→ Exercise directions:
In the records below, find the line with "聞き馴染みのある和風・正月系ロゴ(C)の未再生の波形", then copy each line exactly until you have copied the line with "oficina-minimalista7.jpg". Leave any picture out.
━━━━━ Source data ━━━━━
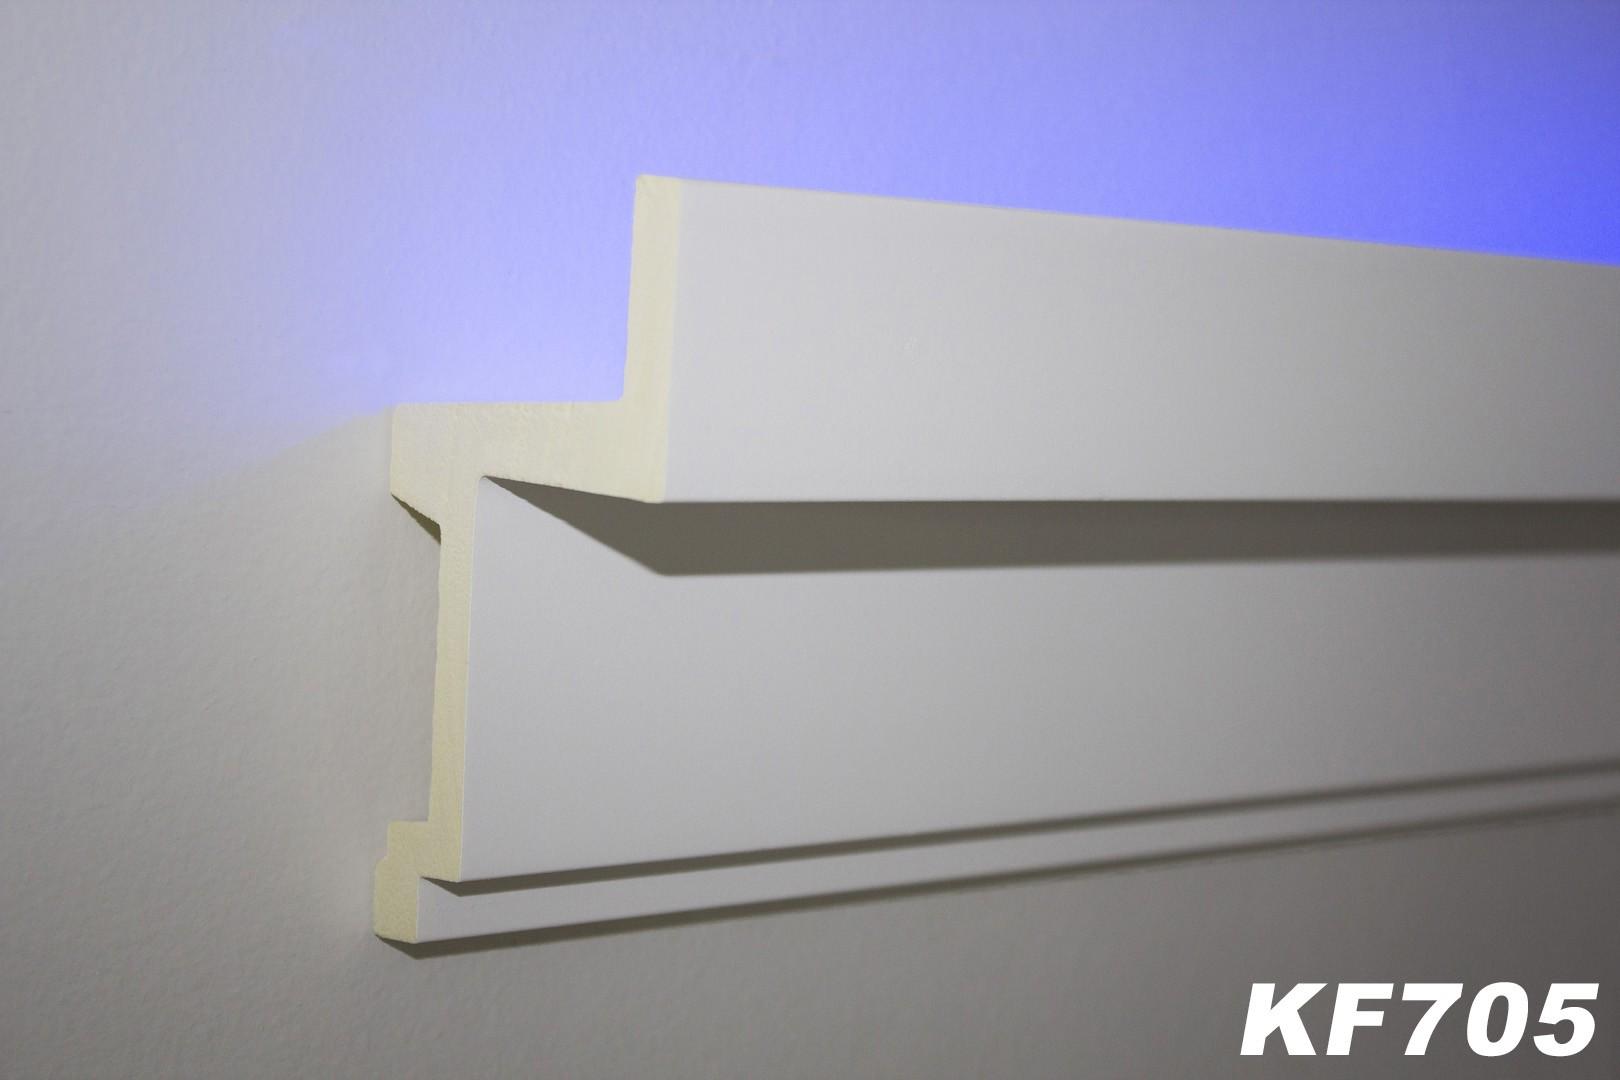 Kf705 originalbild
━━━━━
━━━━━ Source data ━━━━━
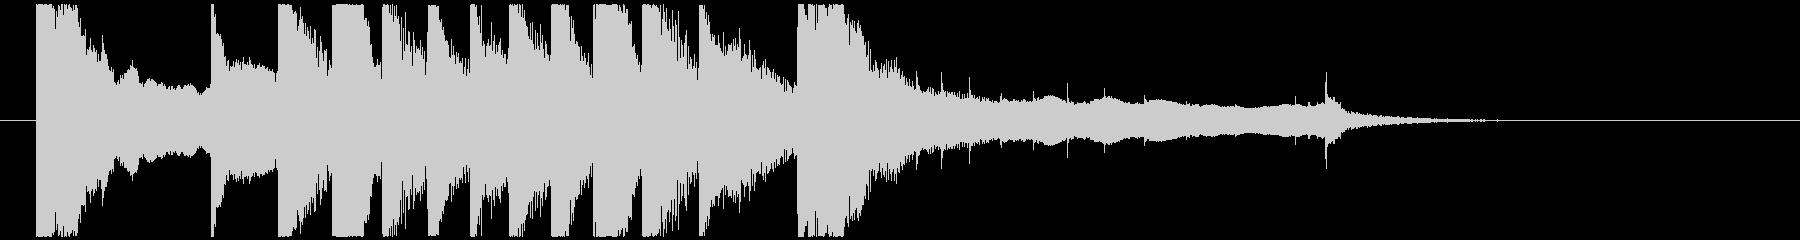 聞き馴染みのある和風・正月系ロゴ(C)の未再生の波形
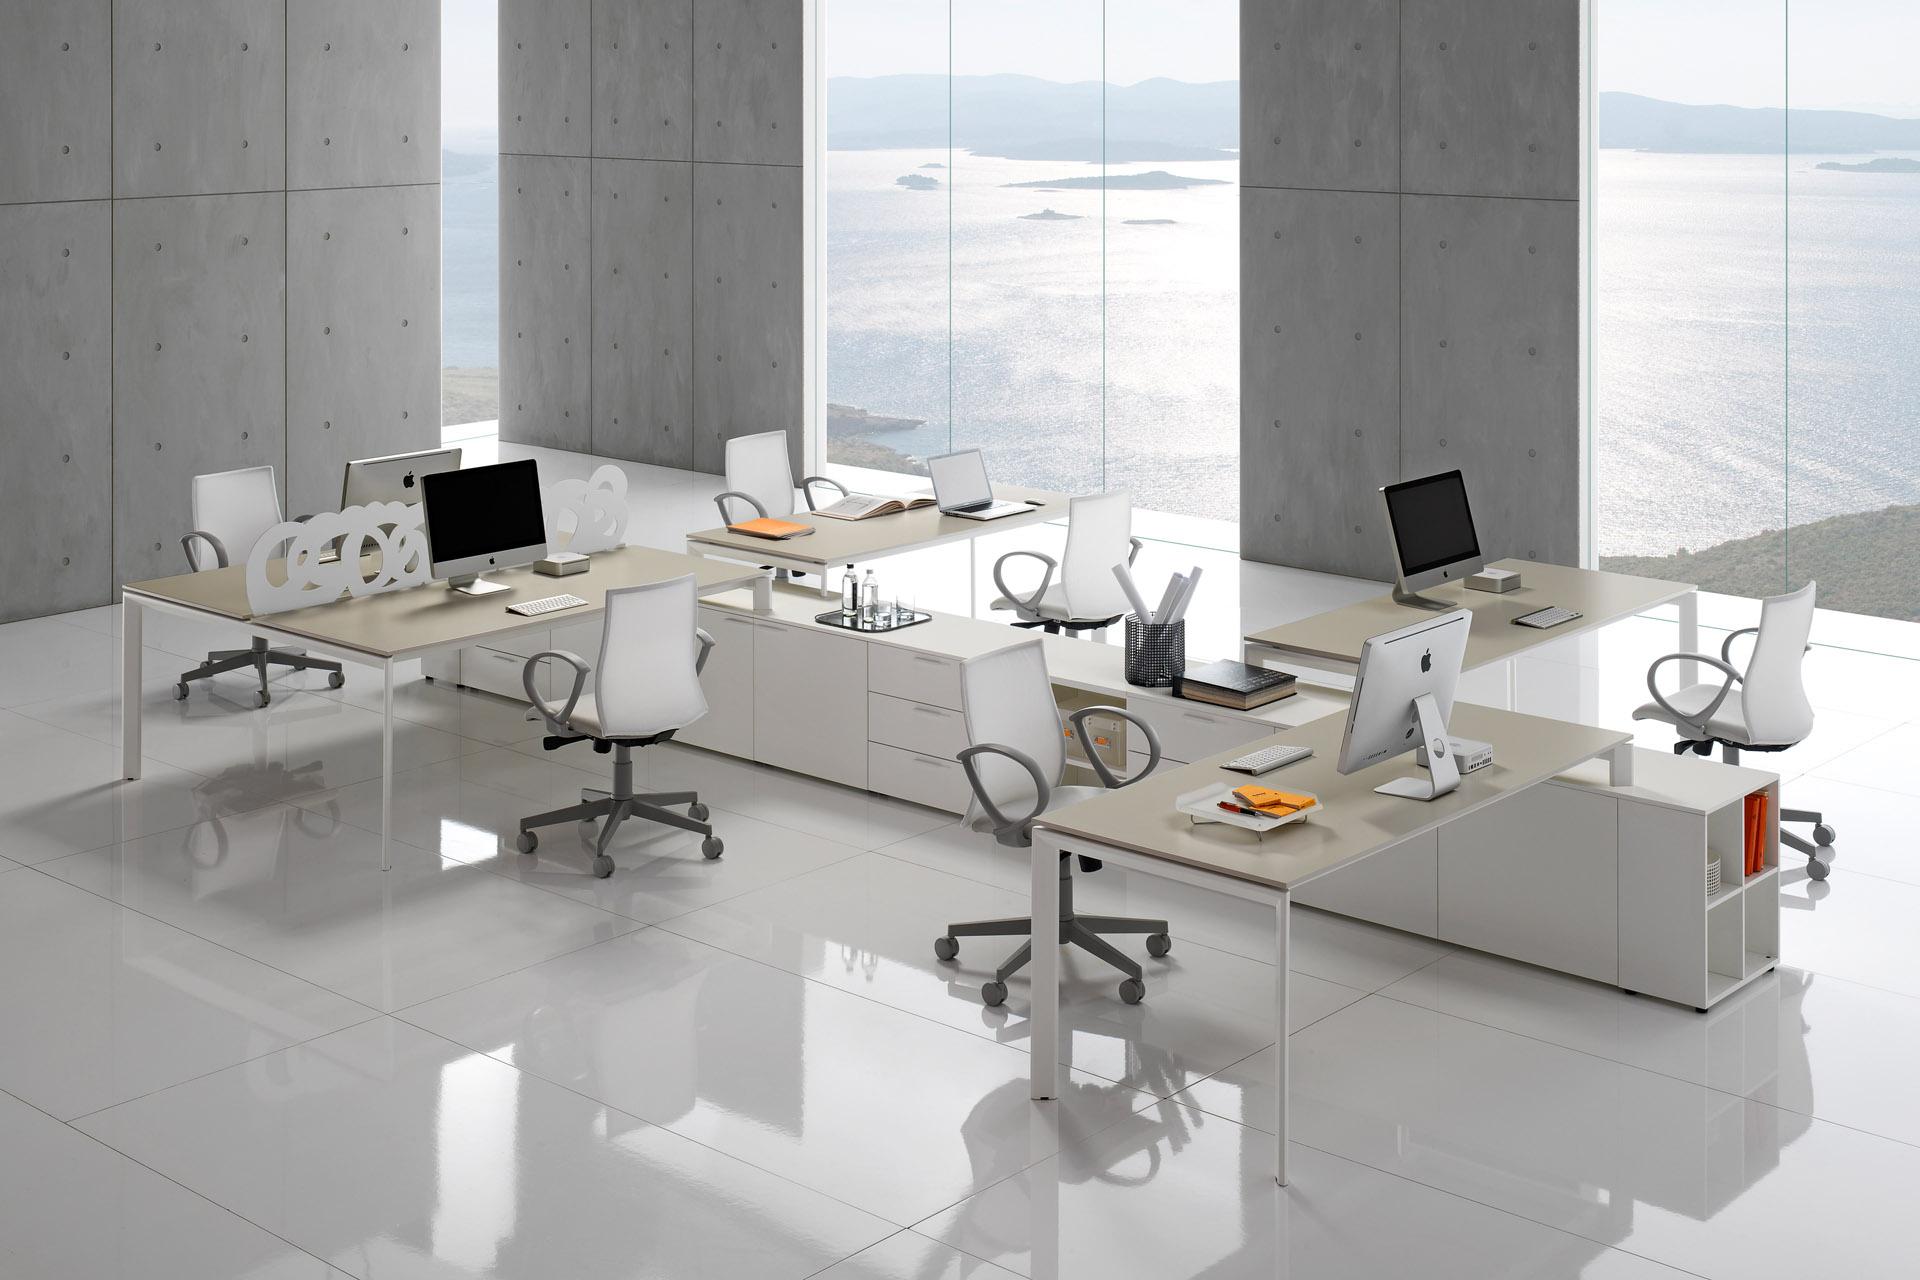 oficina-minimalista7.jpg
━━━━━
━━━━━ Source data ━━━━━
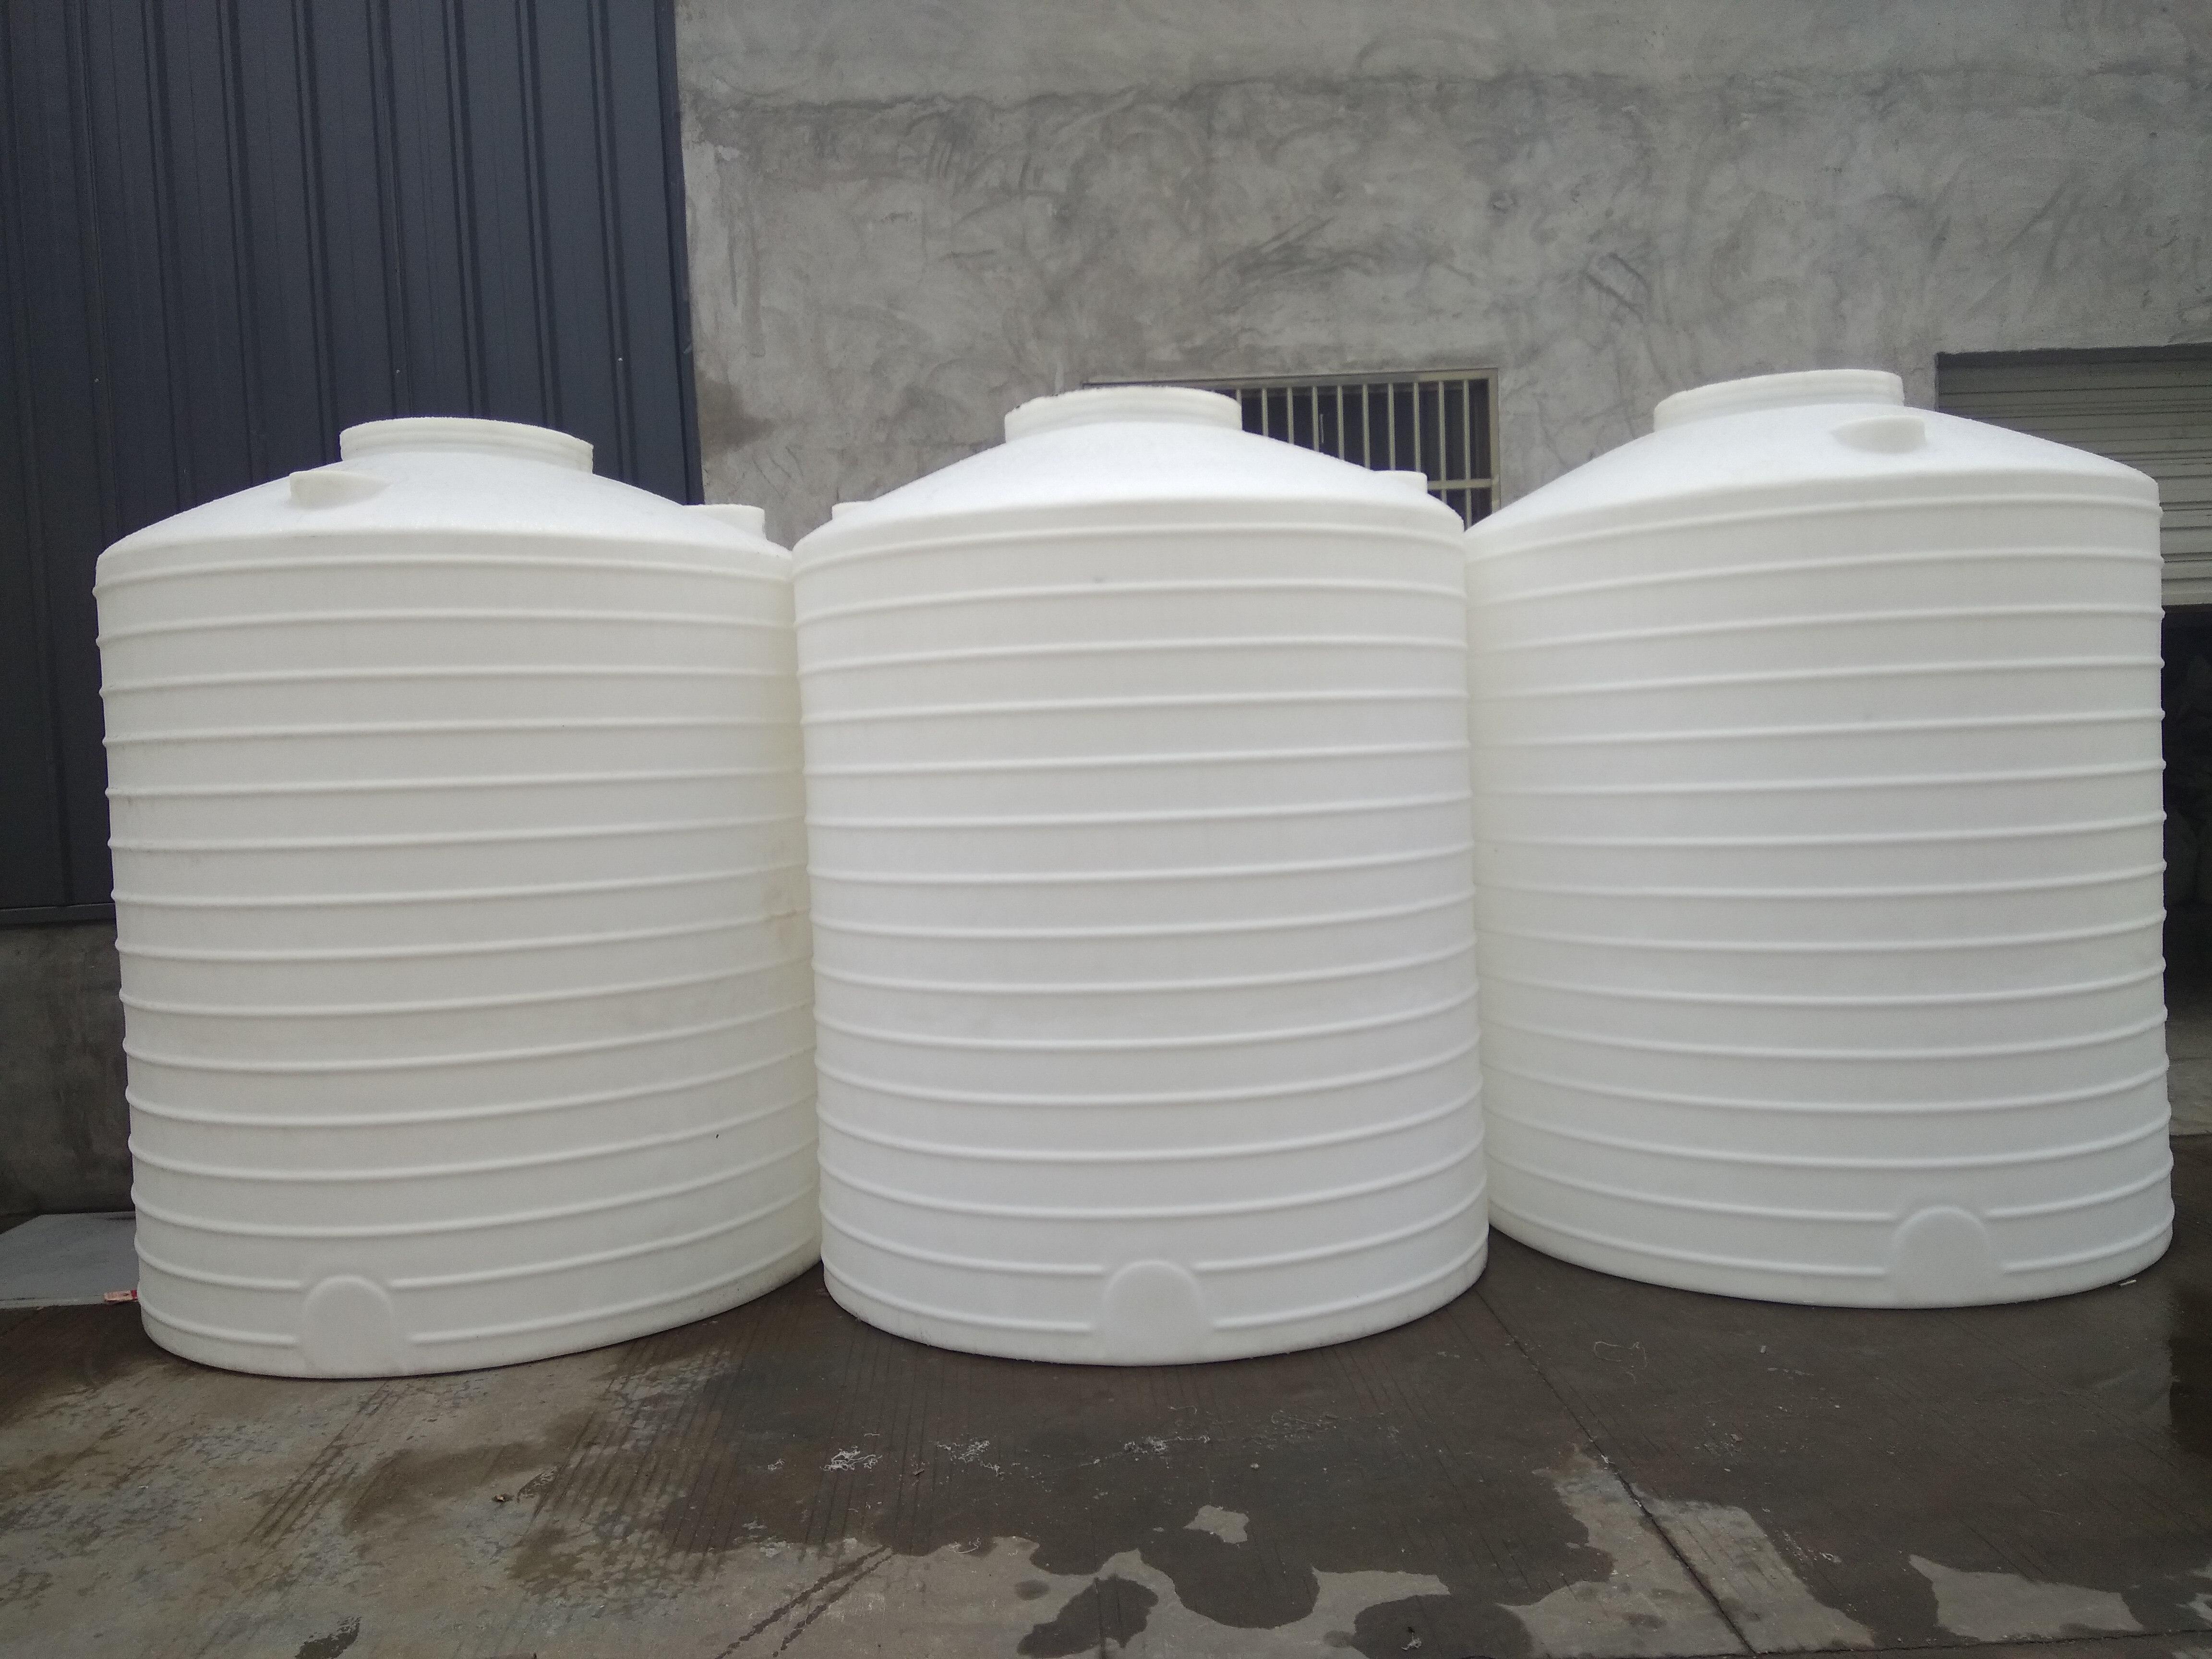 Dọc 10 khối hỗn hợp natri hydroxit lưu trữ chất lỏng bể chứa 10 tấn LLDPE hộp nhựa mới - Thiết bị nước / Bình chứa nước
━━━━━
→ Exercise answer:
 聞き馴染みのある和風・正月系ロゴ(C)の未再生の波形
 oficina-minimalista7.jpg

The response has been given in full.